Pour la police de Montréal, l'amélioration du bilan routier passe par les piétons. Elle distribue ainsi chaque année, depuis 2008, un nombre grandissant de constats d'infraction à ces indisciplinés de la route. Elle a accru sa présence sur le terrain, rencontré les groupes les plus vulnérables et multiplié les opérations de sensibilisation et de contrôle.

Et pourtant, le nombre de piétons victimes de la rue ne cesse d'augmenter depuis... 2008.

L'échec est cuisant pour le SPVM. Le bilan 2010 qu'il a dévoilé la semaine dernière est peut-être globalement bon, mais il révèle que le nombre de piétons gravement blessés a bondi en une seule année de 50%! Plus inquiétant, cette hausse s'inscrit dans une tendance: 78 blessés en 2008, 87 l'année suivante, puis 125 l'an dernier.

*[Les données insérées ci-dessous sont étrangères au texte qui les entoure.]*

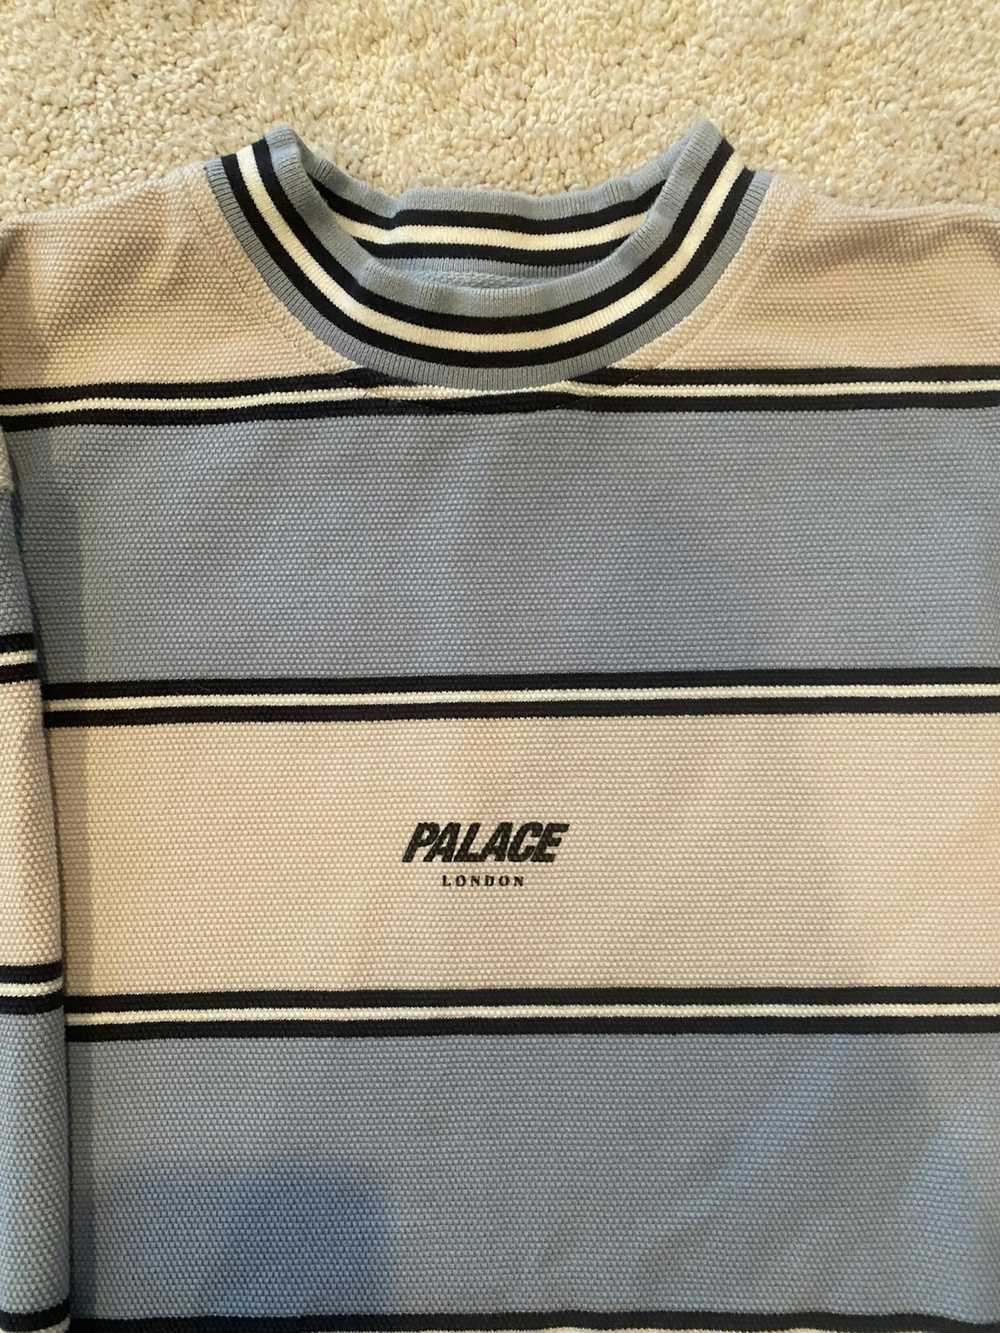 Palace Palace Blue/White Waffle Long Sleeve - image 2

Comment réagit le SPVM? En reconnaissant que cela ne cadre pas avec ses objectifs... puis en tapant de nouveau sur les doigts des piétons! La distraction est périlleuse, martèle-t-on, tout comme le fait de traverser la rue au mauvais endroit. Il faut donc mettre fin une fois pour toutes à cette dangereuse désobéissance.

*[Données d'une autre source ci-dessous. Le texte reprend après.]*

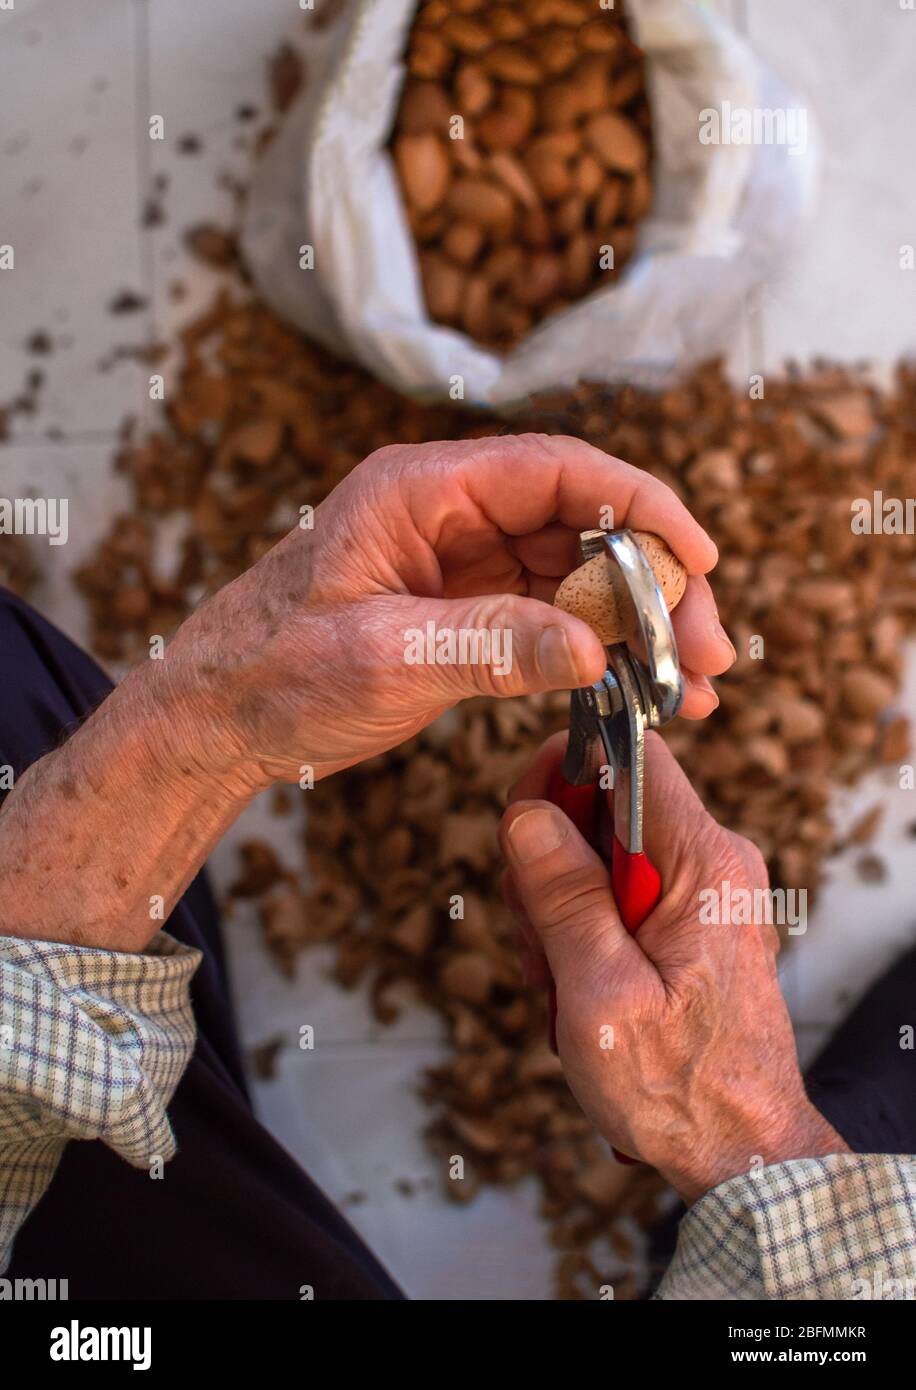 Draufsicht auf die Hände eines alten Mannes, der Mandeln schälte. Verschwimmen Hintergrund mit Muscheln und Beutel voller Mandeln. Stockfoto

En un mot: la coercition contre les piétons n'ayant pas marché, le SPVM décide d'accroître la coercition contre les piétons...

Or s'il y a une chose que ces données démontrent, c'est qu'il faut tenter autre chose, le problème étant ailleurs. On ne réduira pas le nombre de victimes de la rue en protégeant quelques marcheurs contre leur propre indiscipline, mais bien en protégeant le plus grand nombre des indisciplines - autrement plus dangereuses - des automobilistes.

Reconnaissons tout de suite une chose: la faute incombe autant aux conducteurs qu'aux bipèdes, chacun étant responsable de la moitié des collisions. Les deux sont donc tout aussi irrespectueux, distraits, adeptes des textos, portés à contrevenir au Code de la sécurité routière.

Mais l'insécurité, on s'entend, n'est vécue que par un seul des deux usagers. Celui qui est le plus vulnérable, lui dont l'environnement est dépourvu de ceintures de sécurité et de coussins gonflables, lui qui devrait donc, selon toute vraisemblance, être protégé de l'indiscipline de l'autre.

Le SPVM a toutefois décidé de faire l'inverse. Depuis l'ajout de 133 policiers consacrés à la sécurité routière, elle a multiplié les mesures répressives contre la victime. Cela s'est traduit, en 4 ans, en une hausse spectaculaire du nombre de constats d'infraction remis aux piétons, lesquels sont passés de 5000 à 15 500!

Au cours de la dernière année, la police a même augmenté le nombre d'opérations de sensibilisation et de contrôle des piétons... pendant qu'elle diminuait le nombre d'opérations de contrôle de la vitesse!

Il y a à Montréal un réel problème d'incivilité, une culture routière fondée sur le chacun-pour-soi qui se solde trop souvent en une victoire du gros contre le petit. Mais ce n'est certainement pas en s'acharnant sur ce dernier que l'on modifiera l'attitude des premiers.